Раздался звонок, и я сказал Филду – ночному дежурному в агентстве, чтобы он распорядился навести справки о визите Коттона на Ной-стрит. Пока я разговаривал, Сантос зевнул и ушел. Закончив, я лег спать.

17. За тупым мысом

На другое утро телефон разбудил меня около десяти. Звонил Мики Лайнен из Сан-Франциско: Коттон приехал к матери в субботу утром, между семью и половиной восьмого. Проспал пять или шесть часов – матери сказал, что всю ночь подстерегал взломщика, – а в шесть вечера уехал домой.

Когда я спустился в вестибюль, Коттон как раз вошел с улицы. Глаза у него были воспаленные, вид усталый, но по-прежнему решительный.

– Поймали Уиддена? – спросил я.

– Нет, черт его подери, не поймал.

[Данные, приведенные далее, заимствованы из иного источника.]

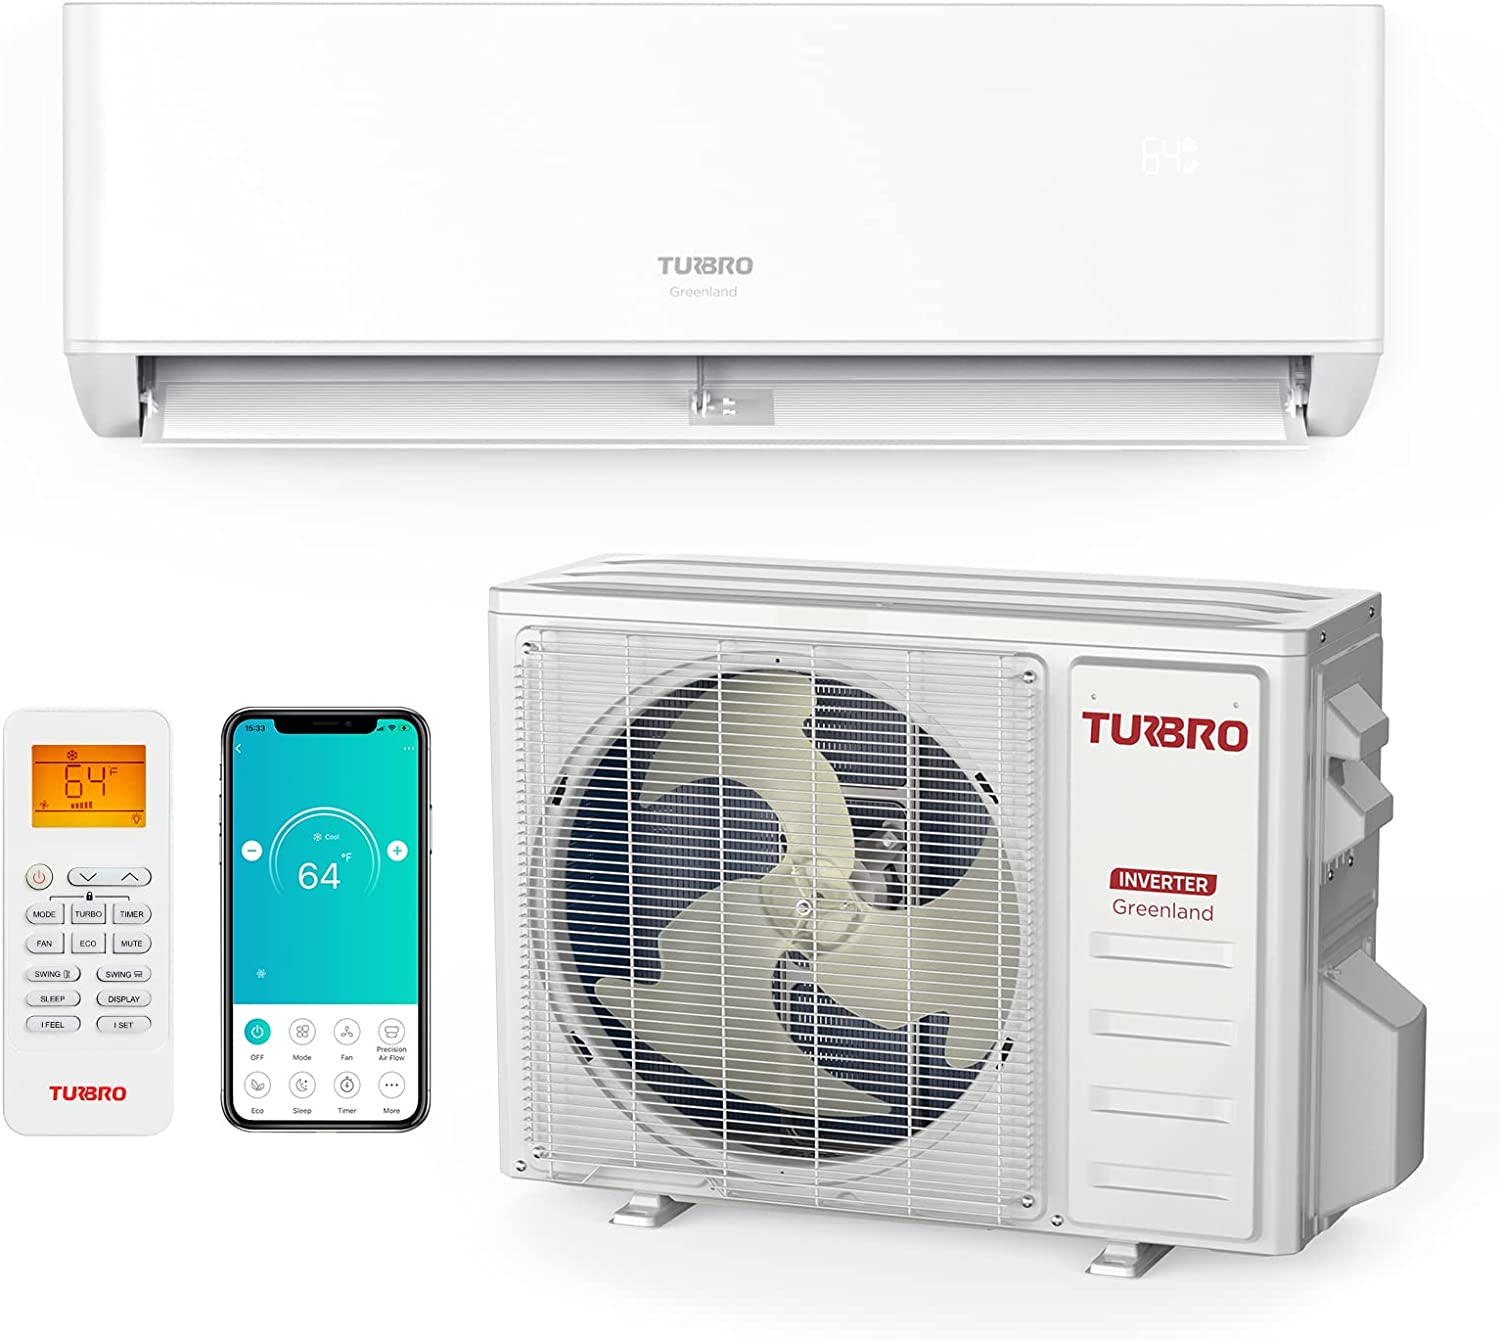 TURBRO 18,000 BTU Ductless Mini Split Inverter AC with Heat Pump, 22 SEER2, 230V, WiFi-Enabled, Cools up to 1,200 Sq.Ft, Energy Star, Greenland Series - image 1 of 7
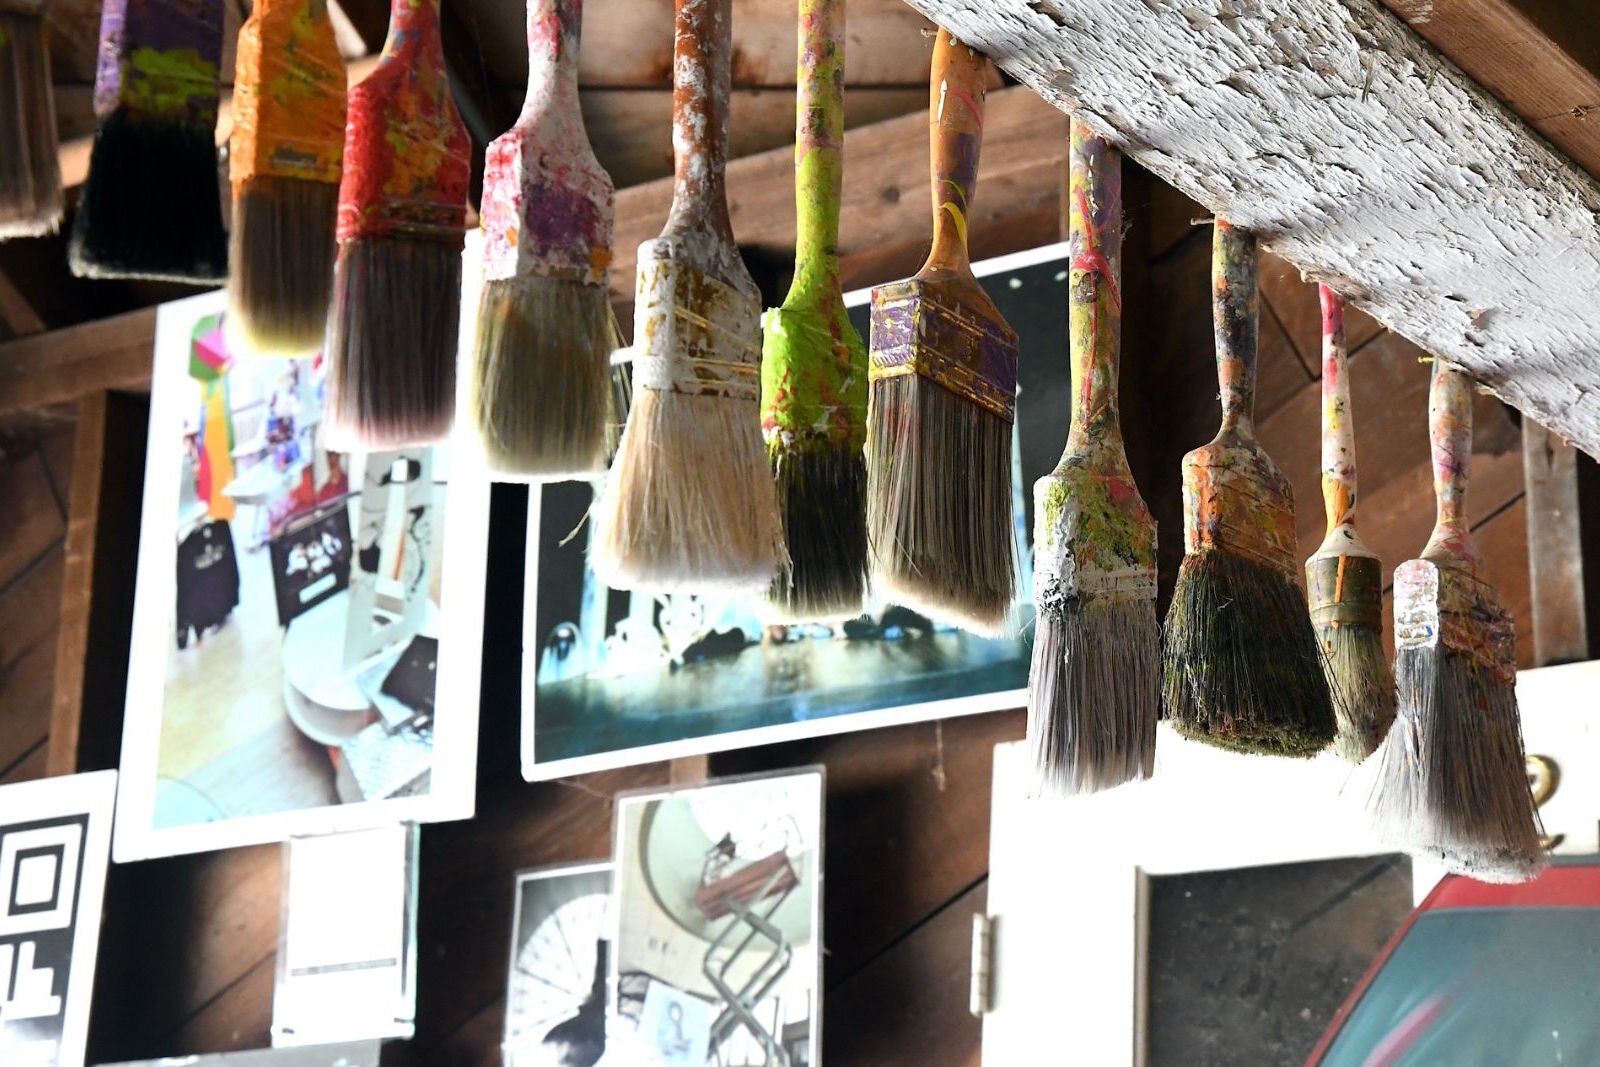 Some of Andrew Freemire’s paint brushes in his garage

Слушайте, хоть он и сбег, хорошо, что вы толкнули меня под руку. Я... Сгоряча, бывает, совсем разум теряешь.

– Ну да. На обратной дороге мы заезжали к вам домой. Узнать, что с вами.

– Я еще не был дома, – сказал он. – Всю ночь охотился за этим подлецом. А где Вернон и Фини?

– Подушки давят. Вам бы тоже не мешало поспать. Если что – я вам позвоню.

Он отправился домой. Я пошел в кафе завтракать. Пока я сидел там, пришел Вернон. Он получил телеграммы из полицейского отделения Сан-Франциско и из конторы шерифа округа Марин, подтверждавшие алиби Фицстивена.

– Есть сообщение о Коттоне, – сказал я. – Он приехал к матери в семь или начале восьмого утра в субботу и уехал в шесть часов вечера.

– В семь или начале восьмого? – Вернону сообщение не понравилось. Если полицейский в это время был в Сан-Франциско, вряд ли он похитил Габриэлу. – Вы уверены?

– Нет, но более надежными сведениями пока не располагаем. А вот и Фицстивен. – Через дверь кафе я увидел худую спину романиста перед стойкой портье. – Извините, я сейчас.

Я вышел, привел к нашему столику Фицстивена и •представил его прокурору. Вернон встал, чтобы пожать ему руку, но был рассеян – видимо, его занимал сейчас один Коттон. Фицстивен сказал, что позавтракал перед отъездом из города, и заказал только чашку кофе. Тут меня позвали к телефону.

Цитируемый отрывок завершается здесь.